SF.9: Avoid cyclic dependencies among source files
Reason
Cycles complicates comprehension and slows down compilation. Complicates conversion to use language-supported modules (when they become available).
Note
Eliminate cycles; don't just break them with #include guards.
Example, bad
// file1.h:
#include "file2.h"
// file2.h:
#include "file3.h"
// file3.h:
#include "file1.h"
Enforcement
Flag all cycles.
SF.20: Use namespaces to express logical structure
Reason
???
Example
???
Enforcement
???
SF.21: Don't use an unnamed (anonymous) namespace in a header
Reason
It is almost always a bug to mention an unnamed namespace in a header file.
Example
???
Enforcement
- Flag any use of an anonymous namespace in a header file.
SF.22: Use an unnamed (anonymous) namespace for all internal/nonexported entities
Reason
Nothing external can depend on an entity in a nested unnamed namespace. Consider putting every definition in an implementation source file in an unnamed namespace unless that is defining an "external/exported" entity.
Example
An API class and its members can't live in an unnamed namespace; but any "helper" class or function that is defined in an implementation source file should be at an unnamed namespace scope.
???
Enforcement
- ???
SL: The Standard Library
Using only the bare language, every task is tedious (in any language).
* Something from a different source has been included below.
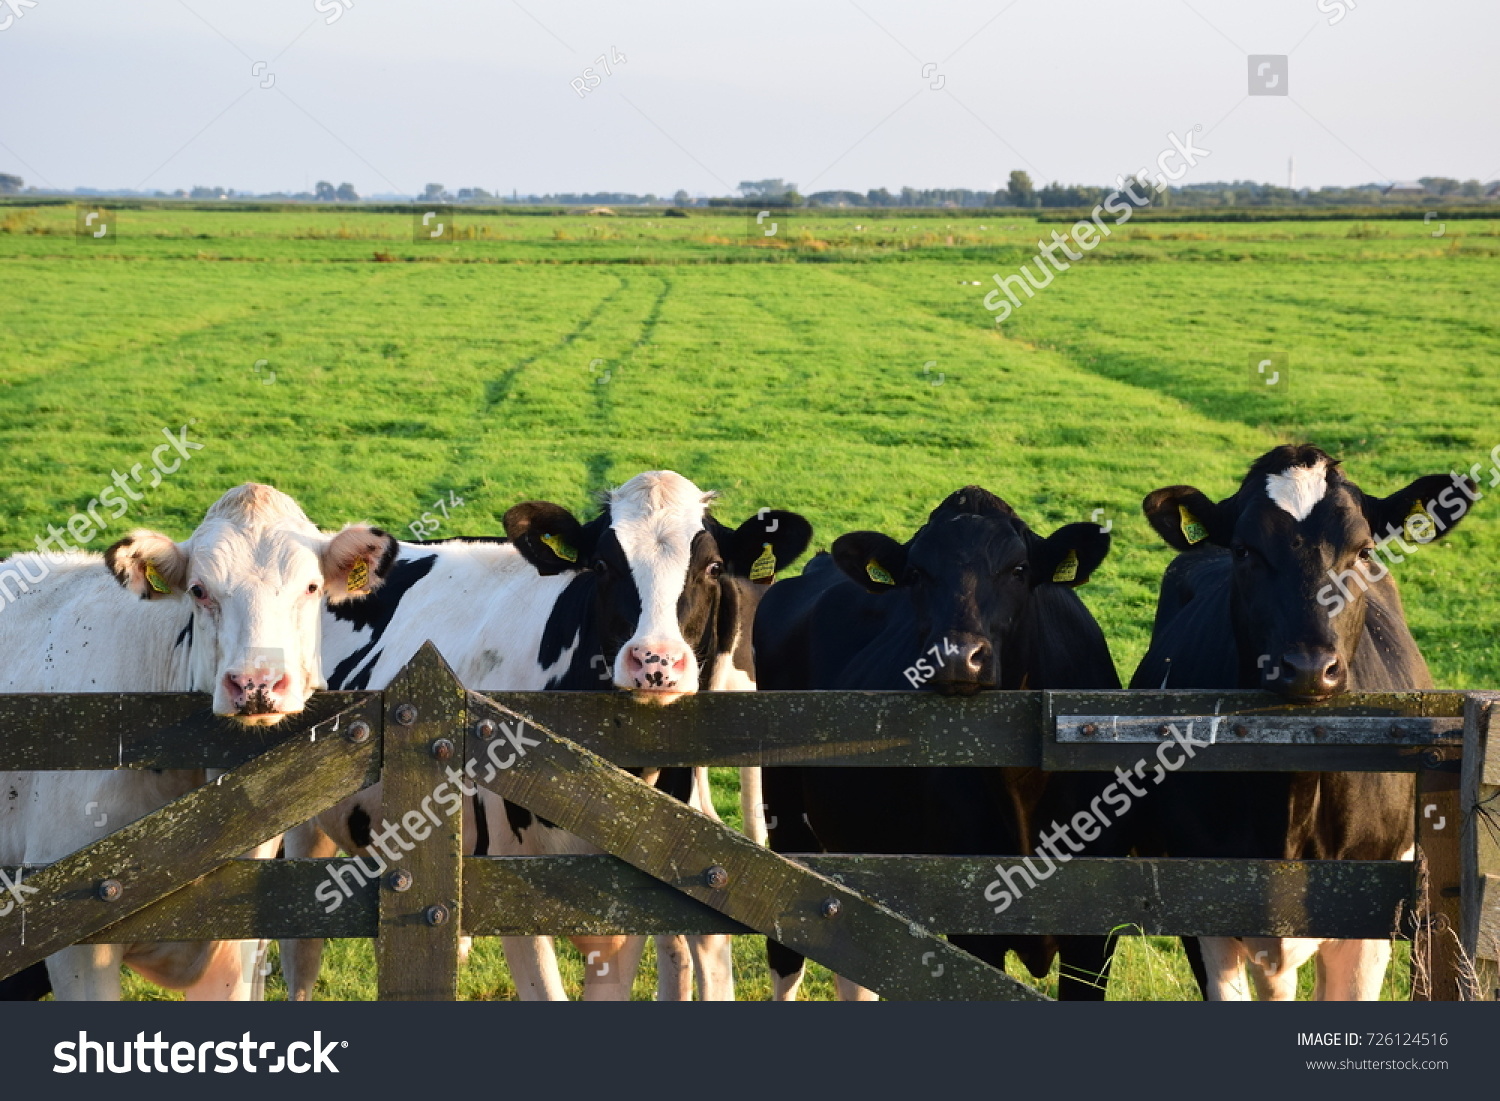 Cows on a farm #726124516

Using a suitable library any task can be reasonably simple.
The standard library has steadily grown over the years. Its description in the standard is now larger than that of the language features. So, it is likely that this library section of the guidelines will eventually grow in size to equal or exceed all the rest.
<< ??? We need another level of rule numbering ??? >>
C++ Standard library component summary:
- SL.con: Containers
- SL.str: String
- SL.io: Iostream
- SL.regex: Regex
- SL.chrono: Time
- SL.C: The C standard library
Standard-library rule summary:
SL.1: Use libraries wherever possible
Reason
Save time. Don't re-invent the wheel. Don't replicate the work of others. Benefit from other people's work when they make improvements. Help other people when you make improvements.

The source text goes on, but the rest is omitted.